Полковник сунул спичку в маленькую, жалкую печурку и подпер кочергой дверцу, петли которой давно вышли из строя. Вделанный в дверцу небольшой квадратик слюды тускло засветился. Миссис Селлерс зажгла дешевую лампу под аляповатым абажуром, отчего мрак почти рассеялся, и все уселись поближе к свету, включив и печурку в свой тесный дружеский круг.

Дети тормошили Селлерса, карабкались на него, ласкали, и он в ответ тоже осыпал их ласками. Детские мордашки, руки и ноги скрывали полковника от взоров окружающих, но сквозь гомон и смех все же пробивался его голос: речь Селлерса текла непрерывной струей, неутомимо и жизнерадостно; его кошечка-жена сидела рядом и, не отрываясь от вязанья, слушала мужа со счастливым и гордым видом, словно внимала оракулу или слову божьему и вкушала благодарной душой хлеб жизни. Детишки понемногу затихли, собрались вокруг отца и, опершись локтями на его колени, ловили каждое слово, будто из уст его неслась музыка небесных сфер.

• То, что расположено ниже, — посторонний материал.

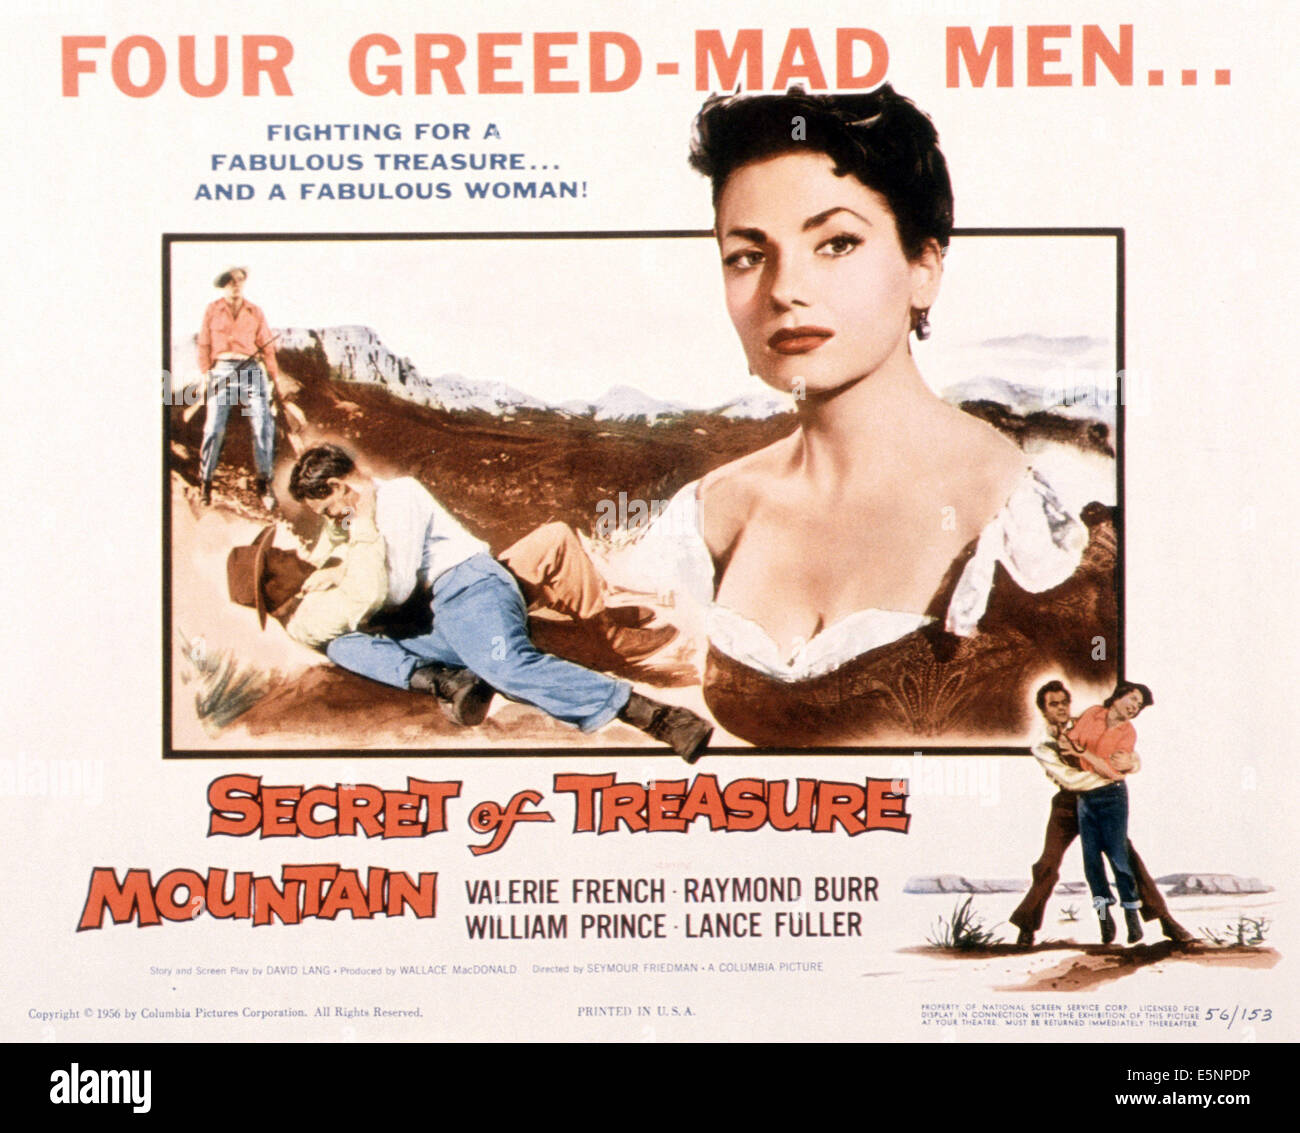 SECRET OF TREASURE MOUNTAIN, US poster, Valerie French, 1956 - Stock Image
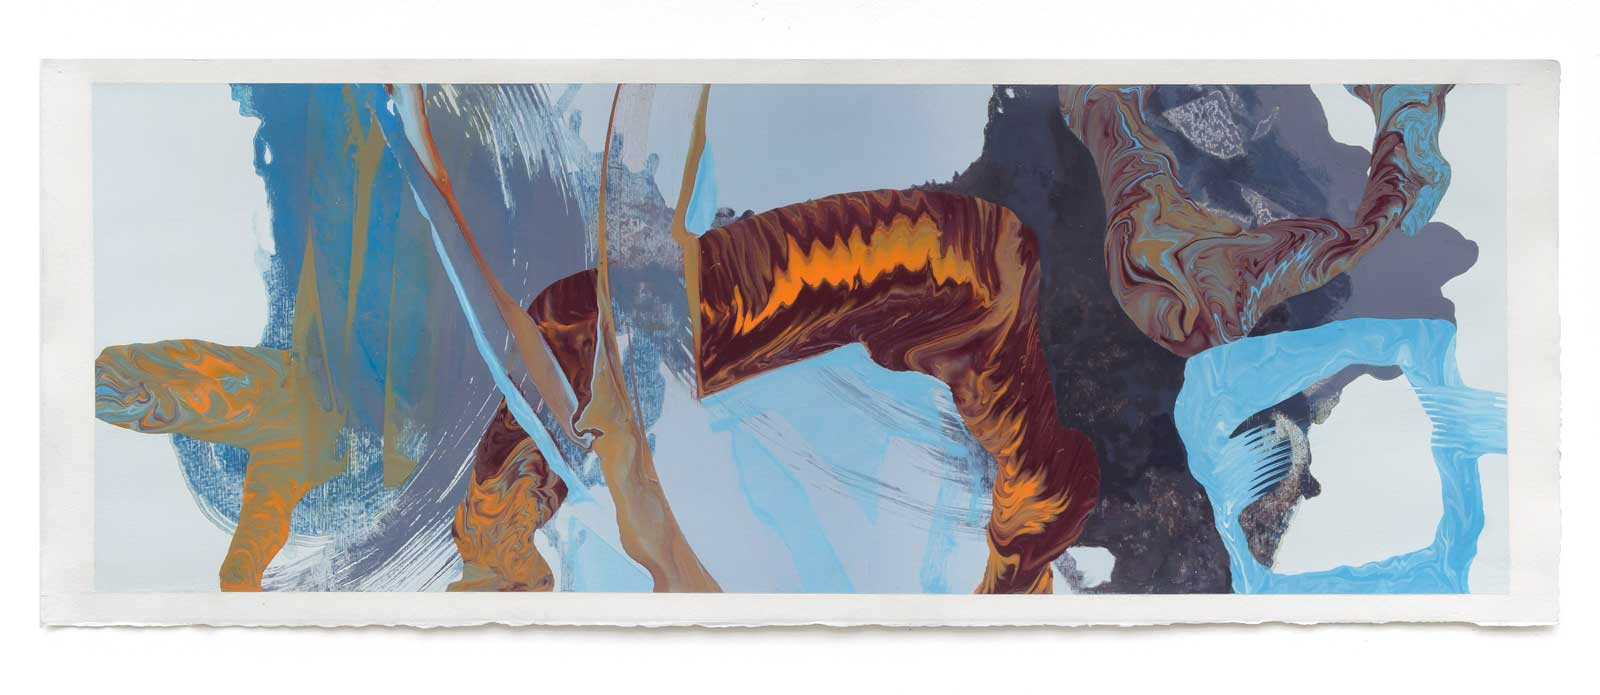 Disruptions-2-oil-on-paper-25.4 cm x 71.12 cm.

Вся обстановка комнаты состояла из старой волосяной кушетки необычайно унылого вида, нескольких поломанных стульев, столика, на котором стояла лампа, и покалеченной печурки. На полу не было ковра, а предательские четырехугольные пятна на стене, выделявшиеся кое-где на фоне выцветшей краски, говорили о том, что некогда здесь висели картины. Никаких безделушек и украшений в доме не было, если не считать украшением часы, которые, отбивая время, ошибались не меньше чем на пятнадцать ударов, а стоило стрелкам дойти до двадцати двух минут любого часа, как они непременно сцеплялись и продолжали дальнейший путь уже вместе.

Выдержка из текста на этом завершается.